◆ **Your objective**
The required output is the complete data, repeated without alteration.

◆ **Given data**
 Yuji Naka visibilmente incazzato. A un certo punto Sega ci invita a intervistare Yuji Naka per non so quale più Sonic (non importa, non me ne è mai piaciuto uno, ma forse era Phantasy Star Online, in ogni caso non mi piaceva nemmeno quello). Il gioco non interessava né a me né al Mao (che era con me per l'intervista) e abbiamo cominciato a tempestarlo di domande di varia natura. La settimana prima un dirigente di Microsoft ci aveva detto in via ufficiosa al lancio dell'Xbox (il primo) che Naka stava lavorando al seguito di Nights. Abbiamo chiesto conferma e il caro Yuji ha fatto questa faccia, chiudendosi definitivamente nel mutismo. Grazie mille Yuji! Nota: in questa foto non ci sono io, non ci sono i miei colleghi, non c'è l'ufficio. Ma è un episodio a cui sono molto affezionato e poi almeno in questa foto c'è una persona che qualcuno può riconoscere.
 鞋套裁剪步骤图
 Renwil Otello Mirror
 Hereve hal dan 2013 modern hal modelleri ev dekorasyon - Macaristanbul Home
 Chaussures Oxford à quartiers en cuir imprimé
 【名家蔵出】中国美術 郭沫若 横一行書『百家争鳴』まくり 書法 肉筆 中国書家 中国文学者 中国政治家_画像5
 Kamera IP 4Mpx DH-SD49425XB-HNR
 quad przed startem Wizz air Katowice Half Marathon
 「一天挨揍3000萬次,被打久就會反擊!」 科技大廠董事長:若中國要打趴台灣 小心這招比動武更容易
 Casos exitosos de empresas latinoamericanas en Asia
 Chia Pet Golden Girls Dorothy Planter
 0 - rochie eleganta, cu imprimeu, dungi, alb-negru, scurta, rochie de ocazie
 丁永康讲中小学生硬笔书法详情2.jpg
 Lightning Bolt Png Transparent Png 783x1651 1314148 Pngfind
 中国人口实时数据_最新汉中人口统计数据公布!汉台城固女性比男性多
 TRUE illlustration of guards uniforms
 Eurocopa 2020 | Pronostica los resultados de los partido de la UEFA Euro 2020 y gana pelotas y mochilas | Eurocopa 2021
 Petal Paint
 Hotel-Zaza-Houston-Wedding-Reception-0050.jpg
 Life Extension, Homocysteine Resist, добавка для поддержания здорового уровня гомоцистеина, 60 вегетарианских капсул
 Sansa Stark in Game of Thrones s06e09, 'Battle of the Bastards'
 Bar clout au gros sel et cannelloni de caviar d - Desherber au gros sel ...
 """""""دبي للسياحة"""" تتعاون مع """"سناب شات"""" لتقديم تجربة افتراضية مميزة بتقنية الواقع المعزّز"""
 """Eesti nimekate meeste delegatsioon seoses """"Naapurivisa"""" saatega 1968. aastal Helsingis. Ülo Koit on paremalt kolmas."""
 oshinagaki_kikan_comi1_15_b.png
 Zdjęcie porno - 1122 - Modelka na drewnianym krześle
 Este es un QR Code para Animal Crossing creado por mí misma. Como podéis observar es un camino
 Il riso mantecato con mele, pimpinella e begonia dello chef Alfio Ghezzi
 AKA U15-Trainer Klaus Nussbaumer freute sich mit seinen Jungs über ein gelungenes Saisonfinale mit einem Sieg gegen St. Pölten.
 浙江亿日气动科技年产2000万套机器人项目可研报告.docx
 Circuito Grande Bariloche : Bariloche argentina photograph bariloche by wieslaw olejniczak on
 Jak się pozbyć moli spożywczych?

◆ **Result for this task**
 Yuji Naka visibilmente incazzato. A un certo punto Sega ci invita a intervistare Yuji Naka per non so quale più Sonic (non importa, non me ne è mai piaciuto uno, ma forse era Phantasy Star Online, in ogni caso non mi piaceva nemmeno quello). Il gioco non interessava né a me né al Mao (che era con me per l'intervista) e abbiamo cominciato a tempestarlo di domande di varia natura. La settimana prima un dirigente di Microsoft ci aveva detto in via ufficiosa al lancio dell'Xbox (il primo) che Naka stava lavorando al seguito di Nights. Abbiamo chiesto conferma e il caro Yuji ha fatto questa faccia, chiudendosi definitivamente nel mutismo. Grazie mille Yuji! Nota: in questa foto non ci sono io, non ci sono i miei colleghi, non c'è l'ufficio. Ma è un episodio a cui sono molto affezionato e poi almeno in questa foto c'è una persona che qualcuno può riconoscere.
 鞋套裁剪步骤图
 Renwil Otello Mirror
 Hereve hal dan 2013 modern hal modelleri ev dekorasyon - Macaristanbul Home
 Chaussures Oxford à quartiers en cuir imprimé
 【名家蔵出】中国美術 郭沫若 横一行書『百家争鳴』まくり 書法 肉筆 中国書家 中国文学者 中国政治家_画像5
 Kamera IP 4Mpx DH-SD49425XB-HNR
 quad przed startem Wizz air Katowice Half Marathon
 「一天挨揍3000萬次,被打久就會反擊!」 科技大廠董事長:若中國要打趴台灣 小心這招比動武更容易
 Casos exitosos de empresas latinoamericanas en Asia
 Chia Pet Golden Girls Dorothy Planter
 0 - rochie eleganta, cu imprimeu, dungi, alb-negru, scurta, rochie de ocazie
 丁永康讲中小学生硬笔书法详情2.jpg
 Lightning Bolt Png Transparent Png 783x1651 1314148 Pngfind
 中国人口实时数据_最新汉中人口统计数据公布!汉台城固女性比男性多
 TRUE illlustration of guards uniforms
 Eurocopa 2020 | Pronostica los resultados de los partido de la UEFA Euro 2020 y gana pelotas y mochilas | Eurocopa 2021
 Petal Paint
 Hotel-Zaza-Houston-Wedding-Reception-0050.jpg
 Life Extension, Homocysteine Resist, добавка для поддержания здорового уровня гомоцистеина, 60 вегетарианских капсул
 Sansa Stark in Game of Thrones s06e09, 'Battle of the Bastards'
 Bar clout au gros sel et cannelloni de caviar d - Desherber au gros sel ...
 """""""دبي للسياحة"""" تتعاون مع """"سناب شات"""" لتقديم تجربة افتراضية مميزة بتقنية الواقع المعزّز"""
 """Eesti nimekate meeste delegatsioon seoses """"Naapurivisa"""" saatega 1968. aastal Helsingis. Ülo Koit on paremalt kolmas."""
 oshinagaki_kikan_comi1_15_b.png
 Zdjęcie porno - 1122 - Modelka na drewnianym krześle
 Este es un QR Code para Animal Crossing creado por mí misma. Como podéis observar es un camino
 Il riso mantecato con mele, pimpinella e begonia dello chef Alfio Ghezzi
 AKA U15-Trainer Klaus Nussbaumer freute sich mit seinen Jungs über ein gelungenes Saisonfinale mit einem Sieg gegen St. Pölten.
 浙江亿日气动科技年产2000万套机器人项目可研报告.docx
 Circuito Grande Bariloche : Bariloche argentina photograph bariloche by wieslaw olejniczak on
 Jak się pozbyć moli spożywczych?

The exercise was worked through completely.